**Provided records:**

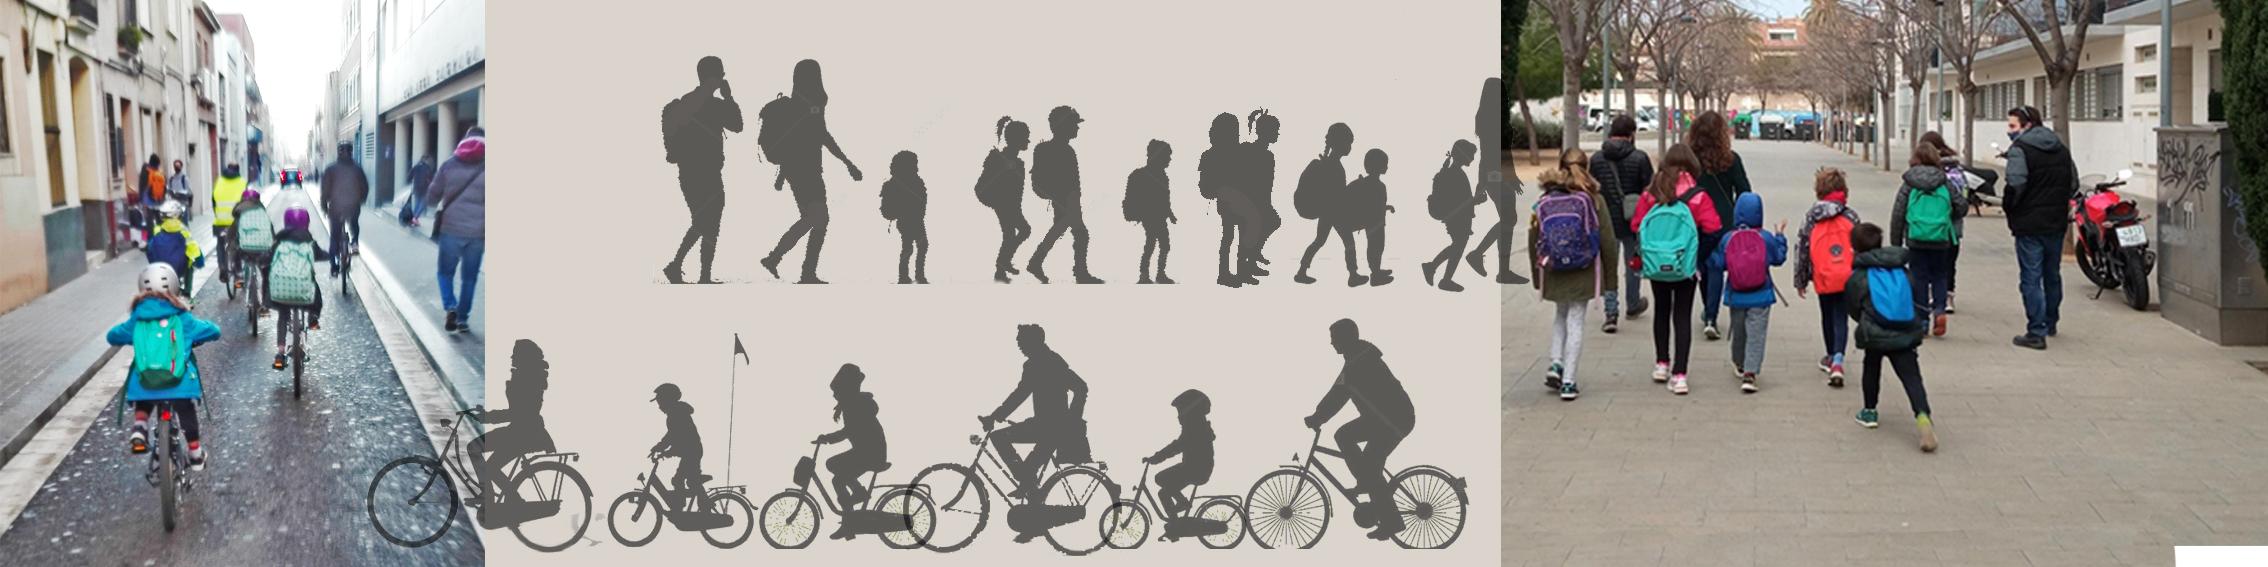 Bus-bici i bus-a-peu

==

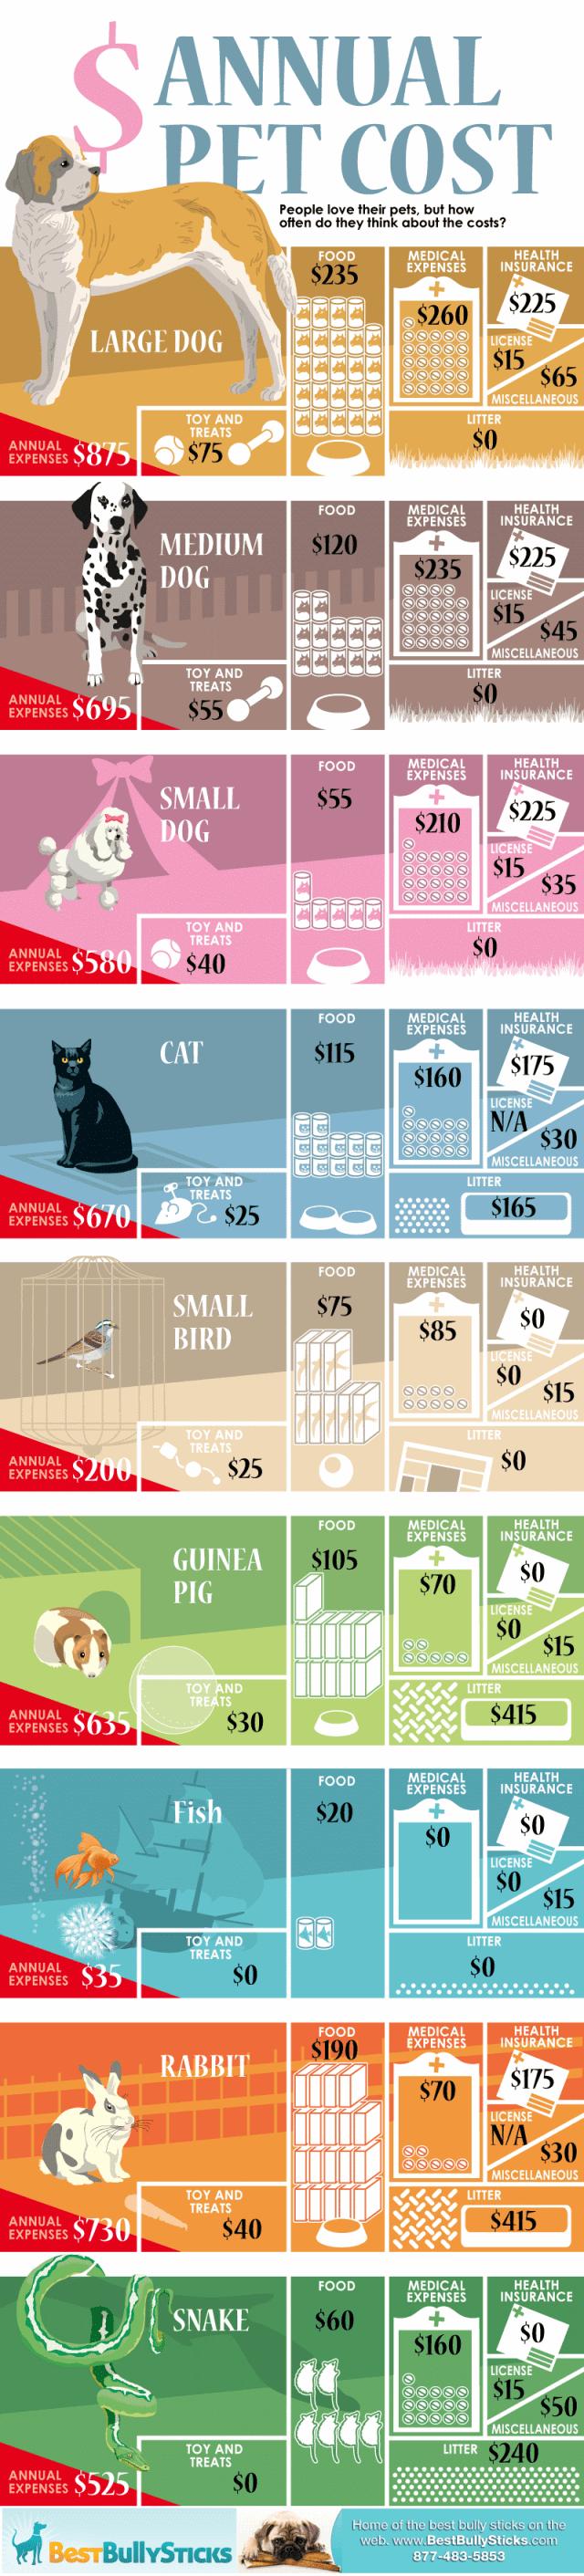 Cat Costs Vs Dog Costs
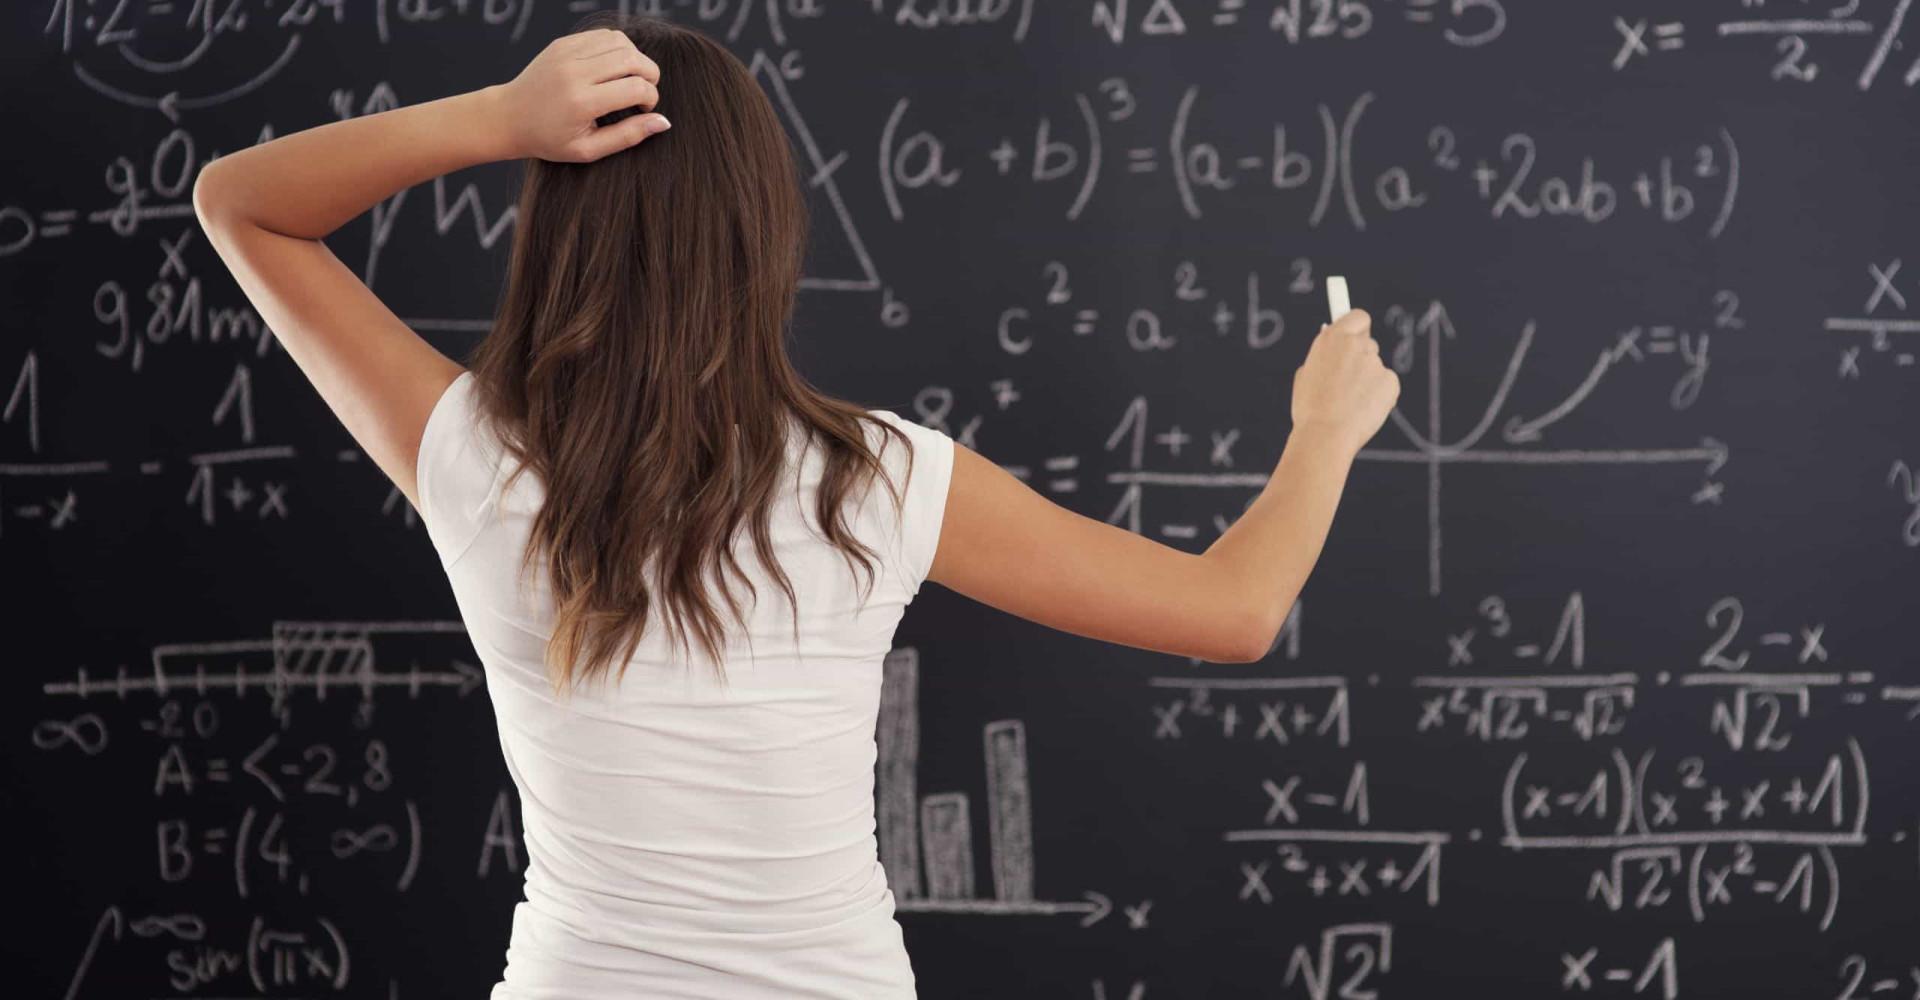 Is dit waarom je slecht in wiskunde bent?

* * *

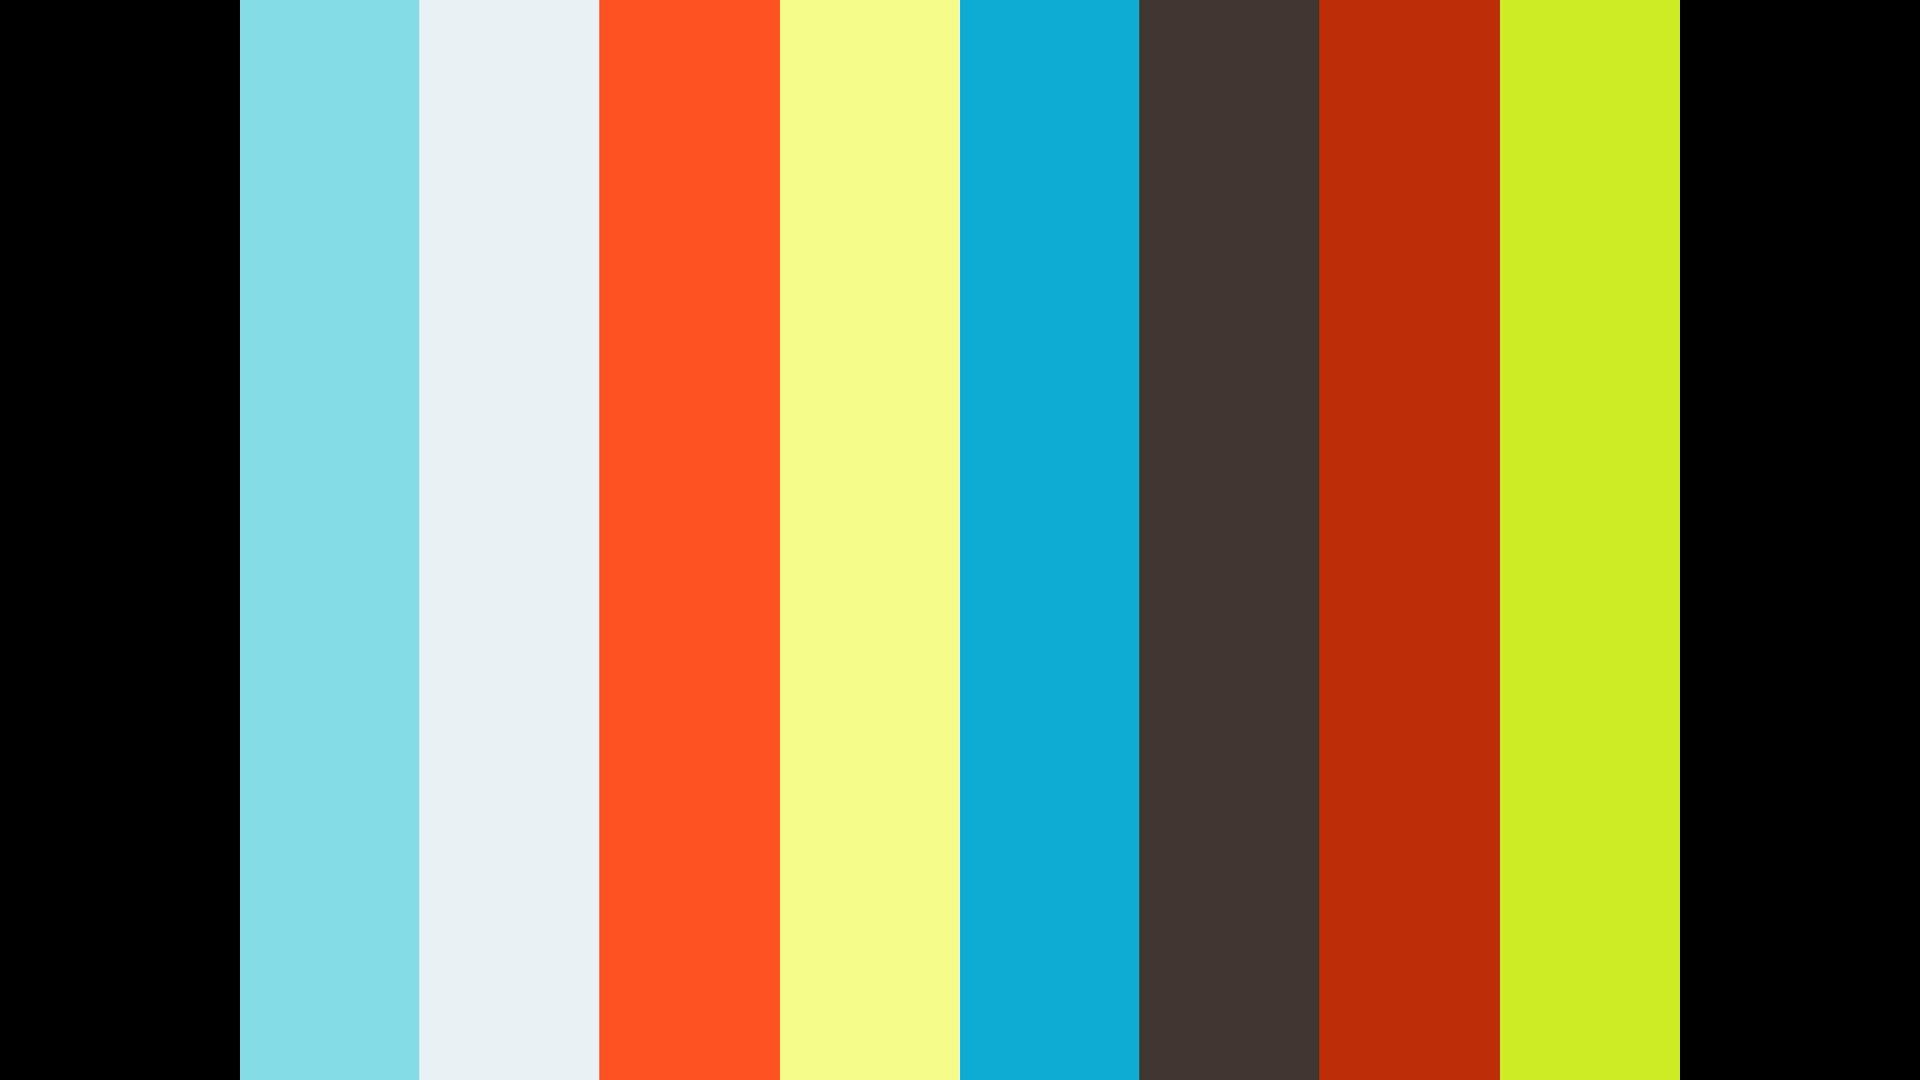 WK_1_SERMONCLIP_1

**Required work:** Using the records above, print exactly the run of lines that starts with the line with "Cat Costs Vs Dog Costs" and goes on through the line with "Is dit waarom je slecht in wiskunde bent?", pictures excluded.

**Exercise solution:**
 Cat Costs Vs Dog Costs
 Is dit waarom je slecht in wiskunde bent?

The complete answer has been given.